Koss M J, Kohnen T
Department of Ophthalmology, Goethe University, Frankfurt am Main, Germany.
Br J Ophthalmol. 2009 Oct;93(10):1301-6. doi: 10.1136/bjo.2008.148726. Epub 2009 May 4.
To evaluate the intraocular stability and safety of secondary iris-claw intraocular lenses (IOLs) in aphakic patients.
Eighteen eyes of 16 patients received iris-claw IOLs to correct for aphakia. Primary outcome measurements included visual acuity (6 m Snellen charts), central endothelium cell count (ECC) and intraocular position of the IOL assessed with anterior segment optical coherence tomography (OCT).
Sixteen patients (mean age 66 (range 16-84) years; axial length 24.44 mm) were re-examined 22 months postoperatively (range 12-38 months). Preoperative decimal best corrected visual acuity (BCVA) was 0.51, intraocular pressure (IOP) 15.3 mmHg and central ECC 1816 per mm(2). Postoperative BCVA was 0.68, IOP 13.1 mmHg and central ECC 1626 per mm(2) (difference over time 176 per mm(2) = 10.5%, p>0.05). The anterior chamber depth was 4 mm for the eyes with axial length <24 mm, and 4.34 mm for those > or =24 mm.

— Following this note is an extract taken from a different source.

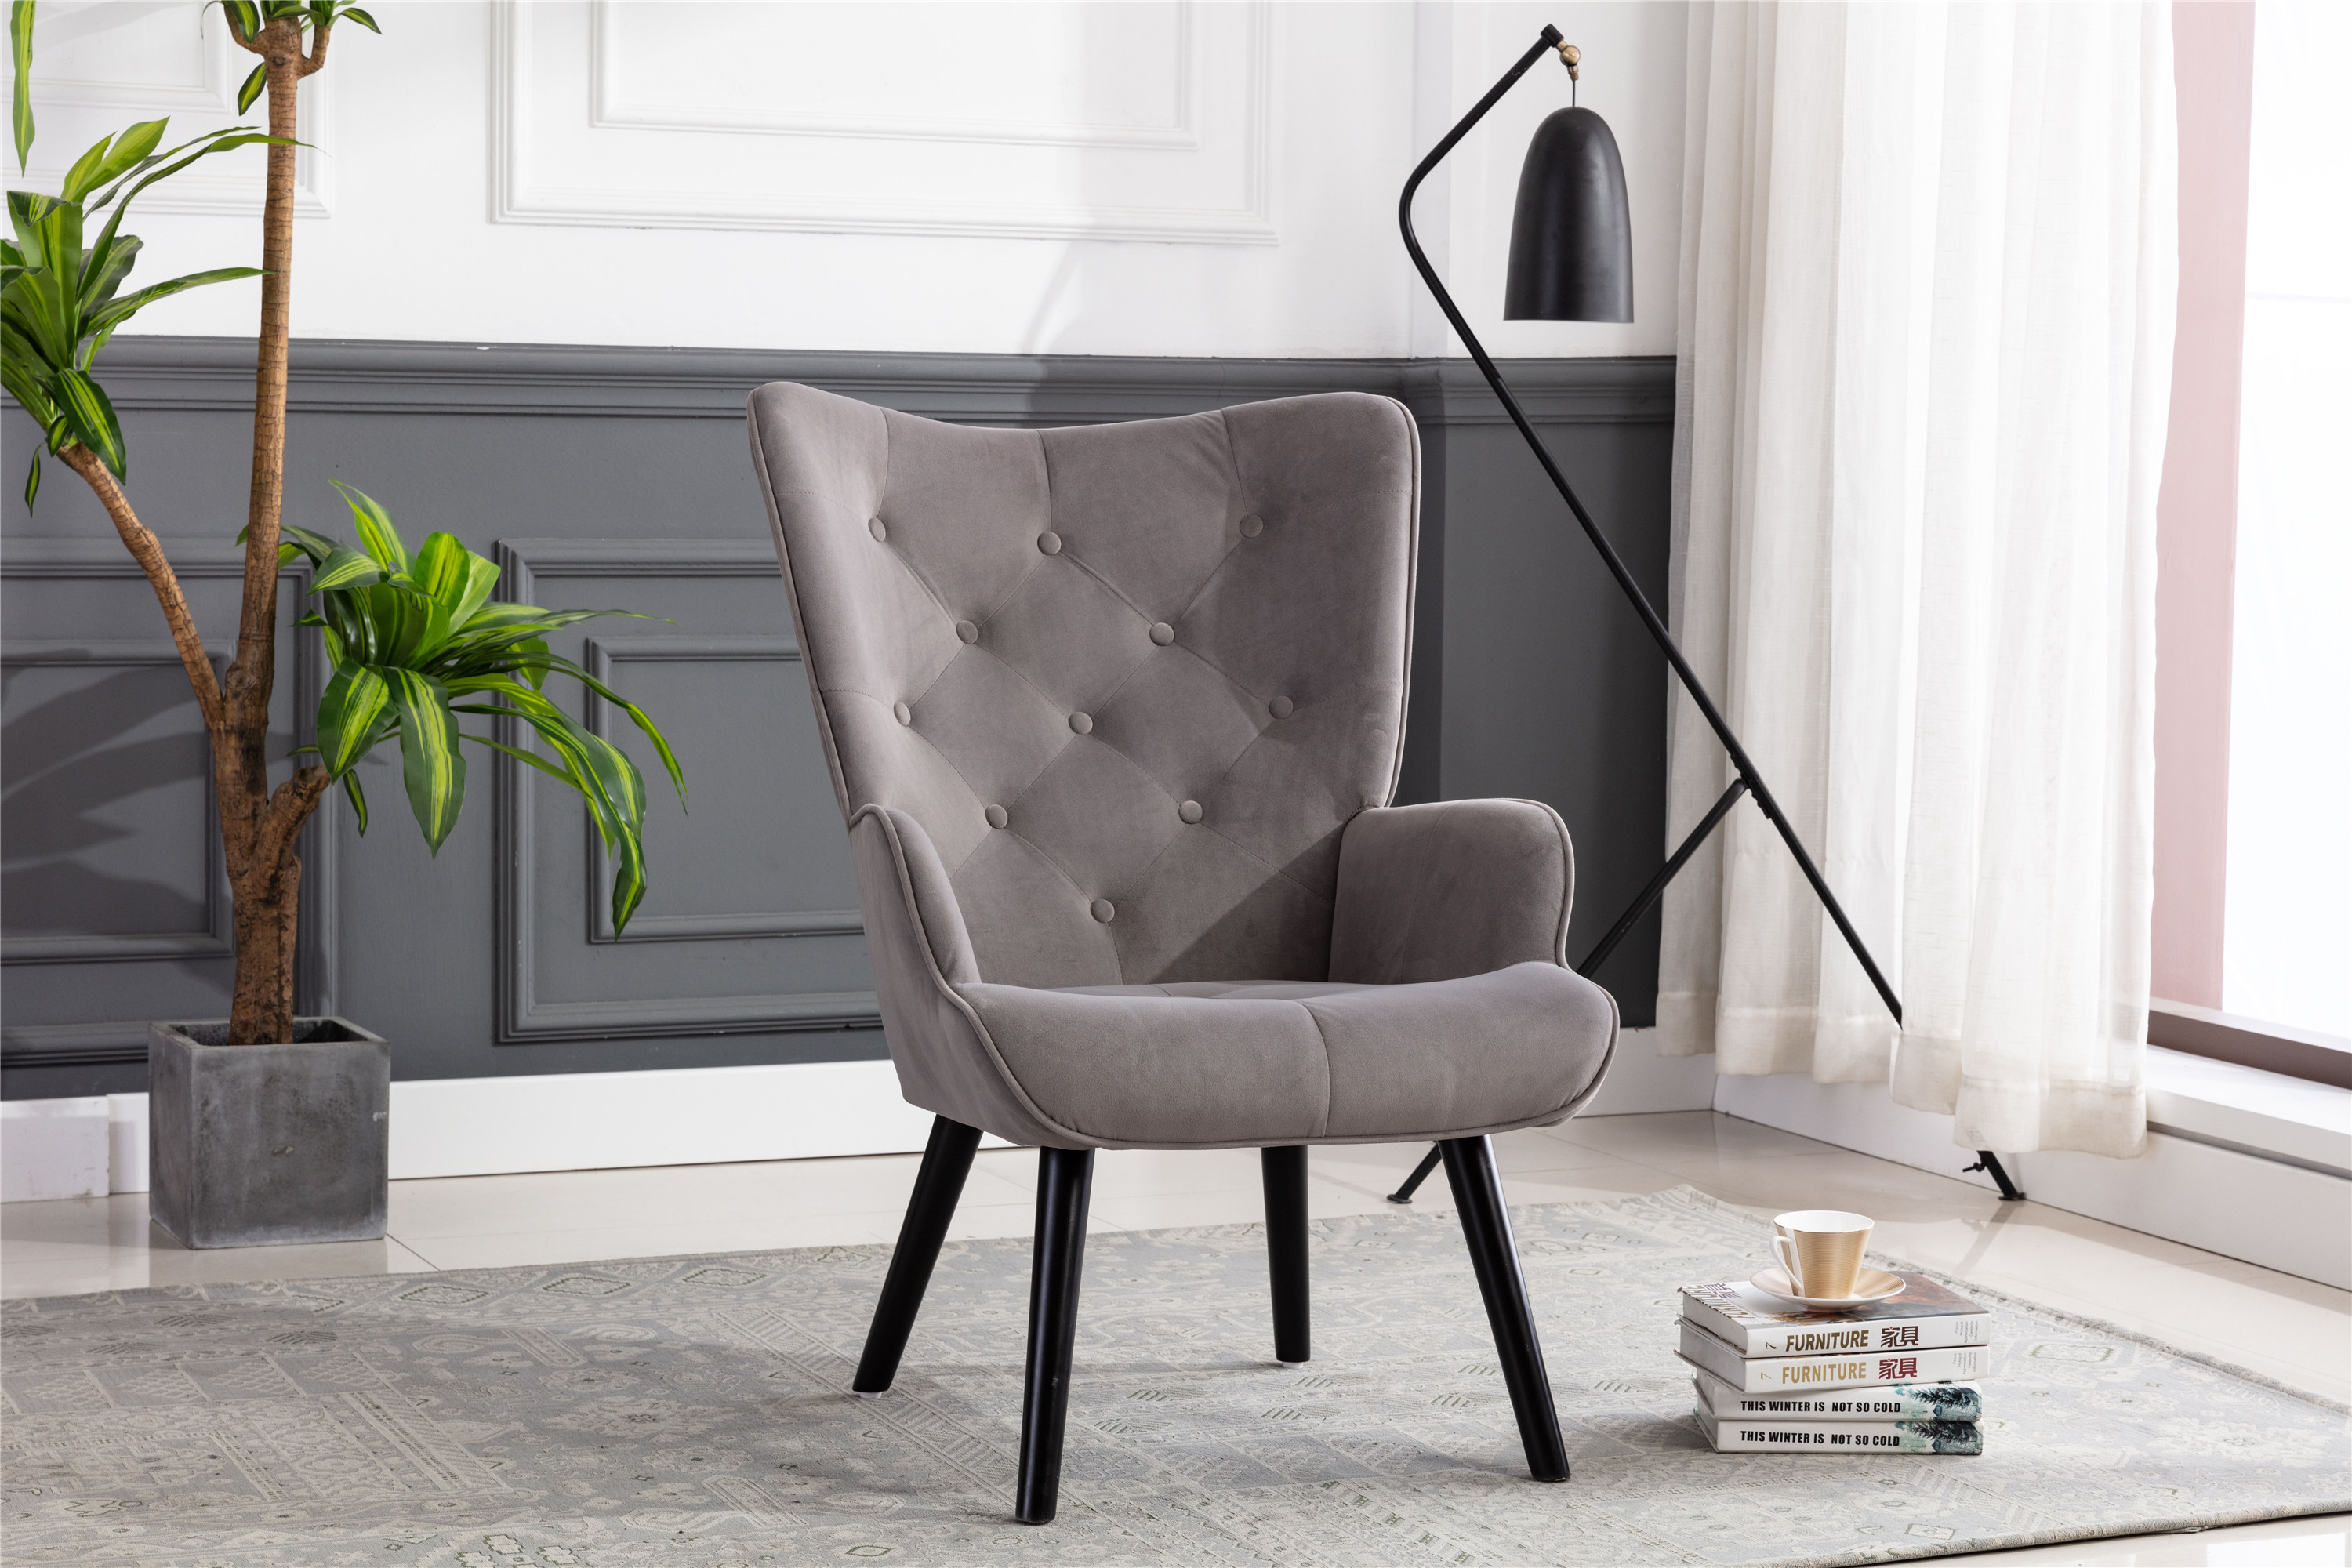 COOLMORE  Accent chair  Living Room/Bed Room, Modern Leisure  Chair  Silver  Grey-Boyel Living

Secondary anterior iris-claw IOLs appears to be a safe choice to correct aphakia with no significant intermediate postoperative central endothelium cell loss, especially in eyes with axial length > or =24 mm, as distances from the IOL to the central and peripheral cornea proved to be consistent.
评估二期虹膜夹型人工晶状体(IOL)在无晶状体患者眼中的眼内稳定性和安全性。
16例患者的18只眼接受了虹膜夹型IOL植入以矫正无晶状体状态。主要观察指标包括视力(6米斯内伦视力表)、中央内皮细胞计数(ECC)以及使用眼前节光学相干断层扫描(OCT)评估的IOL眼内位置。
16例患者(平均年龄66岁(范围16 - 84岁);眼轴长度24.44毫米)在术后22个月(范围12 - 3个月)接受复查。术前最佳矫正视力(BCVA)小数记录为0.51,眼压(IOP)为15.3 mmHg,中央ECC为每平方毫米1816个。术后BCVA为0.68,IOP为13.1 mmHg,中央ECC为每平方毫米1626个(随时间变化差异为每平方毫米176个 = 10.5%,p>0.05)。眼轴长度<24毫米的眼睛前房深度为4毫米,眼轴长度≥24毫米的眼睛前房深度为4.34毫米。
二期前房虹膜夹型IOL似乎是矫正无晶状体状态的安全选择,术后中央内皮细胞无明显中度丢失,特别是在眼轴长度≥24毫米的眼中,因为IOL到中央和周边角膜的距离经证实是一致的。